By Jomar Canlas/Manila Times
The Supreme Court is set to enforce a stricter dress code as Chief Justice Lucas Bersamin ordered a “no minis, no t-shirt” policy for all court officials and employees nationwide.
Bersamin gave the directive during his visit at the Quezon City Hall of Justice where he began his judicial career in November 1986 at the age of 37 and where he served for almost 17 years.
In his speech before Quezon City judges and police, Bersamin appealed to all court officials and employees to wear decent and presentable clothes.
“It is high time to bring back the image of the judiciary that is well respected and conscious of its place in the society,” Bersamin said. The chief justice said this would be the start of his house cleaning, aside from the main target of weeding out erring and corrupt judges and court employees.
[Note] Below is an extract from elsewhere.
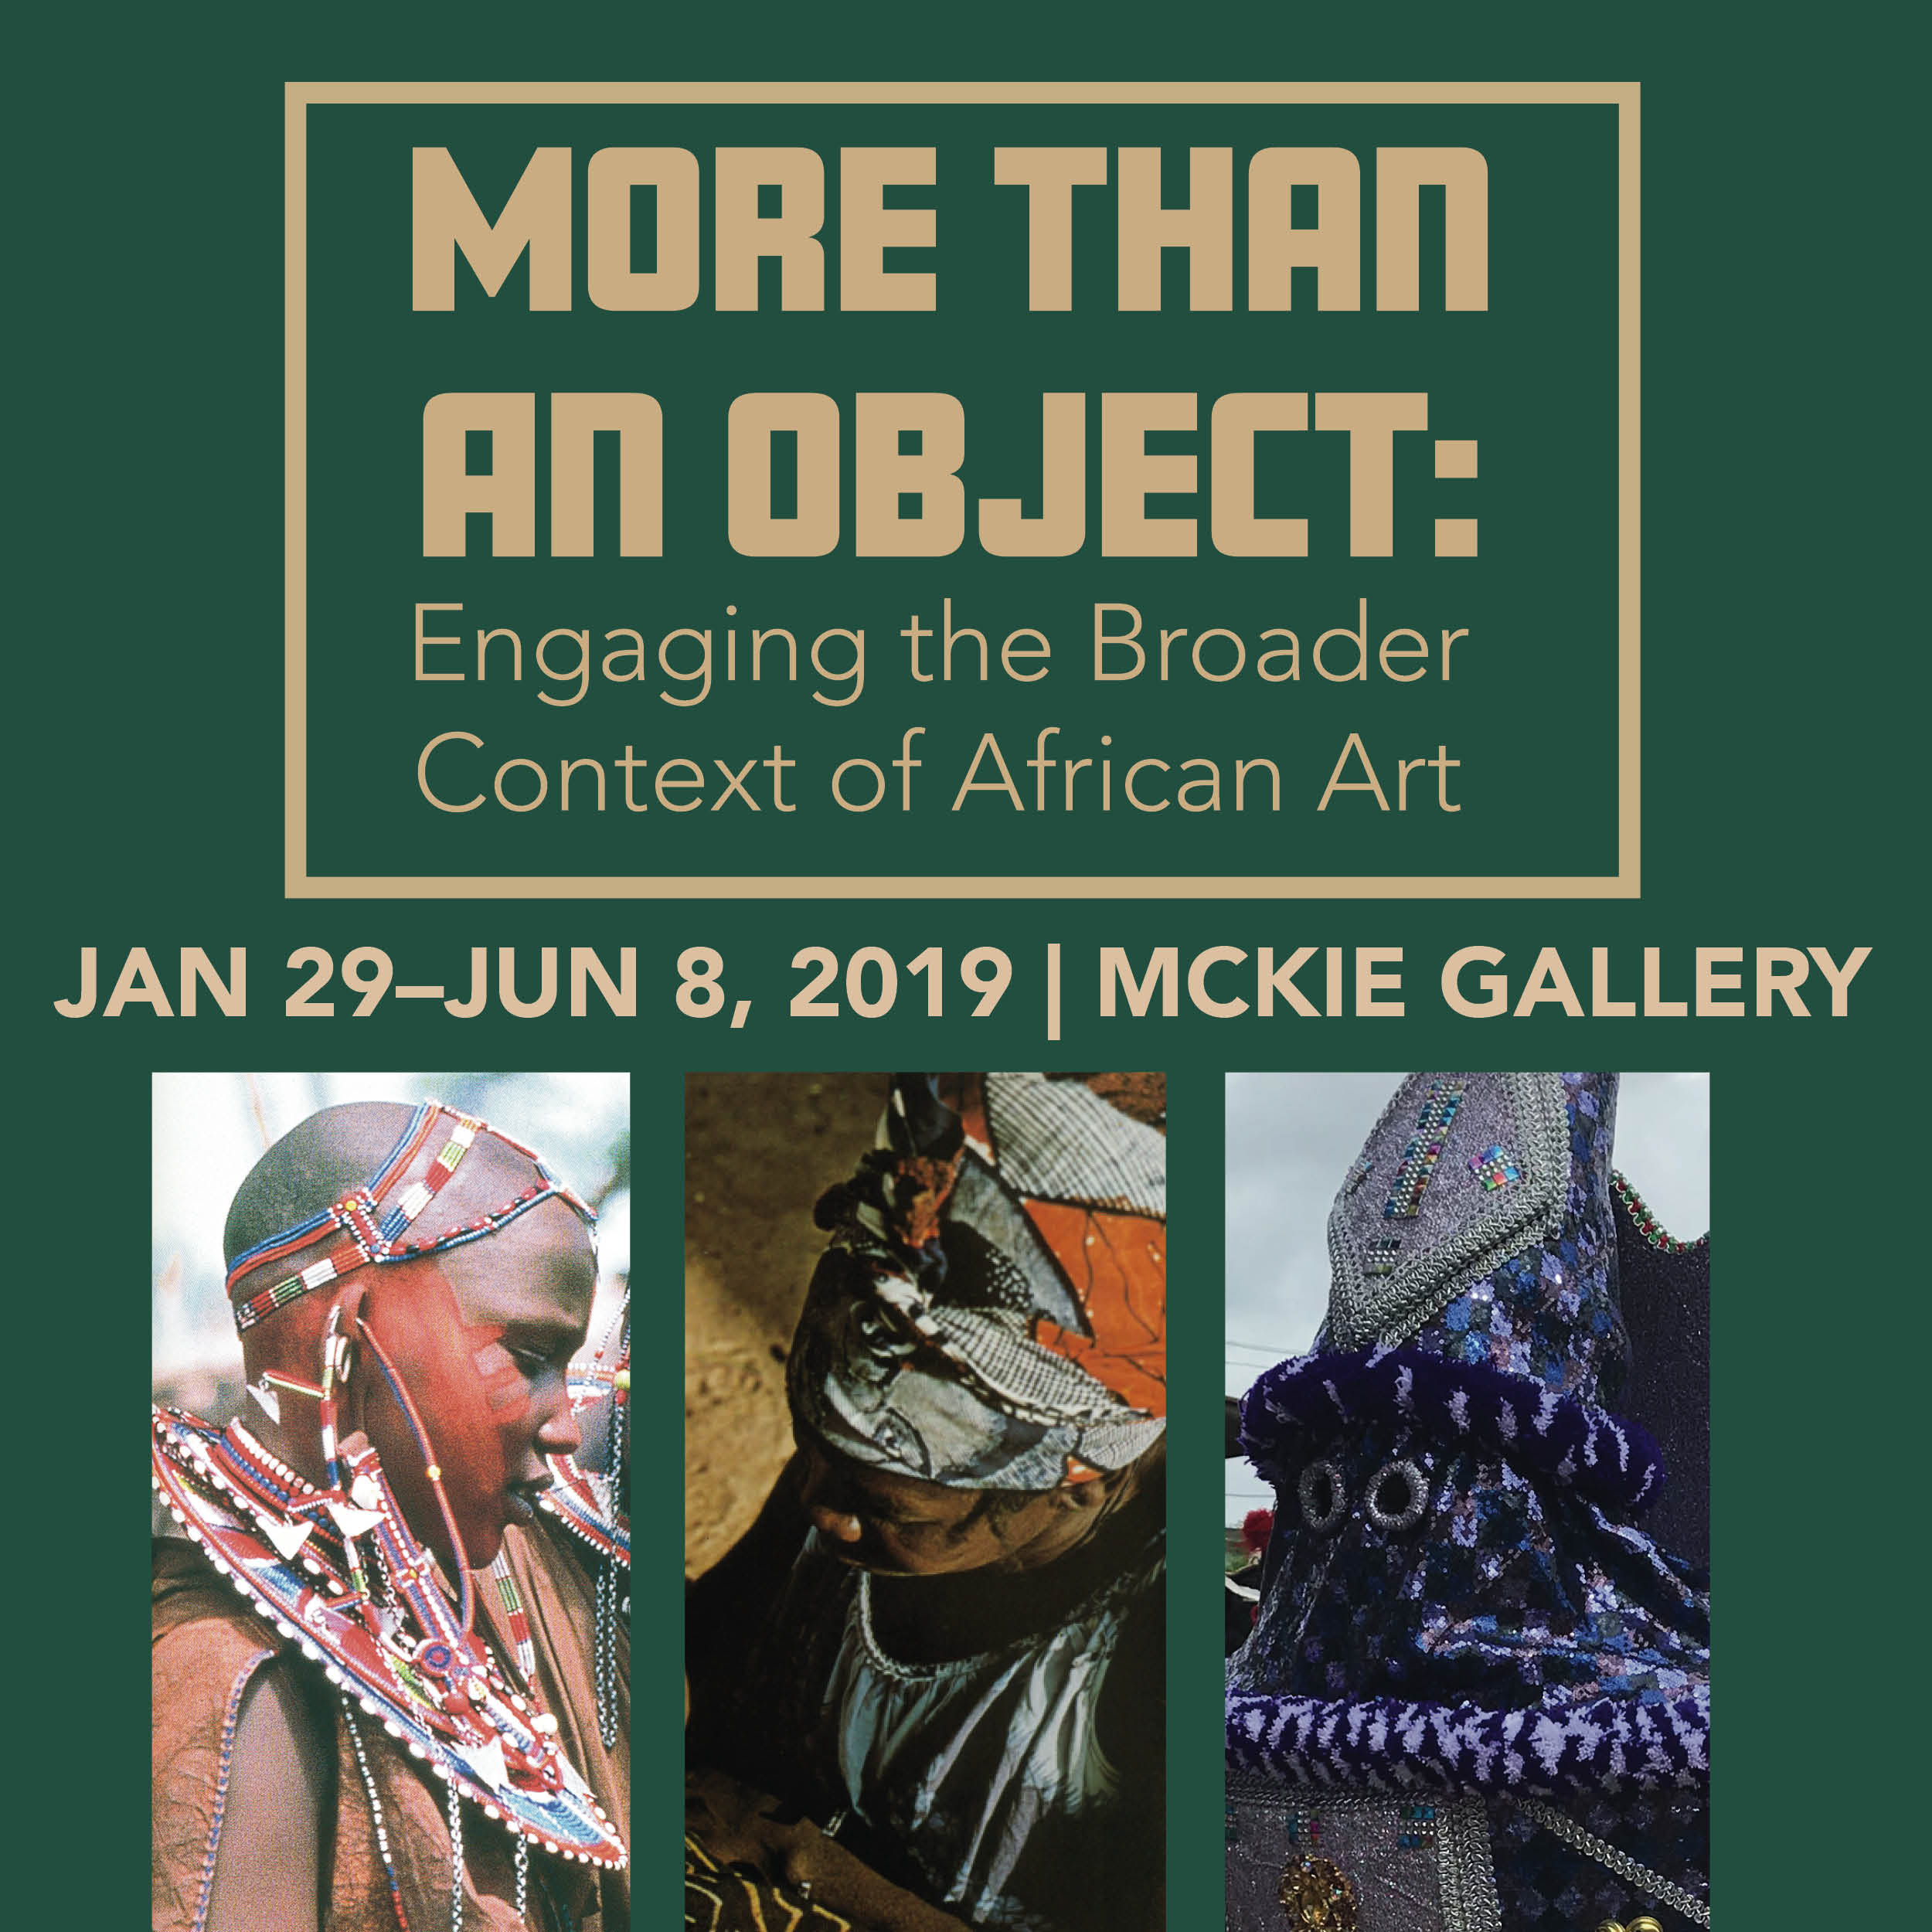 More Than an Object: Engaging the Broader Context of African Art January 29-June 8, 2019 McKie Gallery

He said that wearing shorts and round neck t-shirts would no longer be allowed, and wearing miniskirts, particularly “microminis,” would be strongly discouraged. “For the male employee of the judiciary, your shirts should have collar. No loud colours please,” he said.
Women, Bersamin said should wear clothes with sleeves. If ever they would wear sleeveless clothes, it must be accompanied with coat or blazers to be more respectable.
“I appeal to you. No more t-shirts. If you are female, and are wearing collarless shirt, please wear blazer (over it). This is a small thing I am asking of you. Next 10 months please do it for my sake,” Bersamin said.
Bersamin will serve for 11 months as he is due for retirement in October 2019.
During his first flag ceremony upon assumption last November to the highest post in the judiciary, Bersamin had asked all court employees to stop using cellular phones in public places.
He renewed his directive and call for the regulated use of cellular phones of court officials and employees.
“If you were in the public areas of the court, in the corridors, the lobbies, the elevators do not be caught using your cellphones. If ever the cellphone rings and you are to answer, please go inside the room and conceal yourself from the public and respond to the cellphone. Do not shout within public areas because I do not want to hear people say that court officials and employees are maleducated or uncouth,” Bersamin said.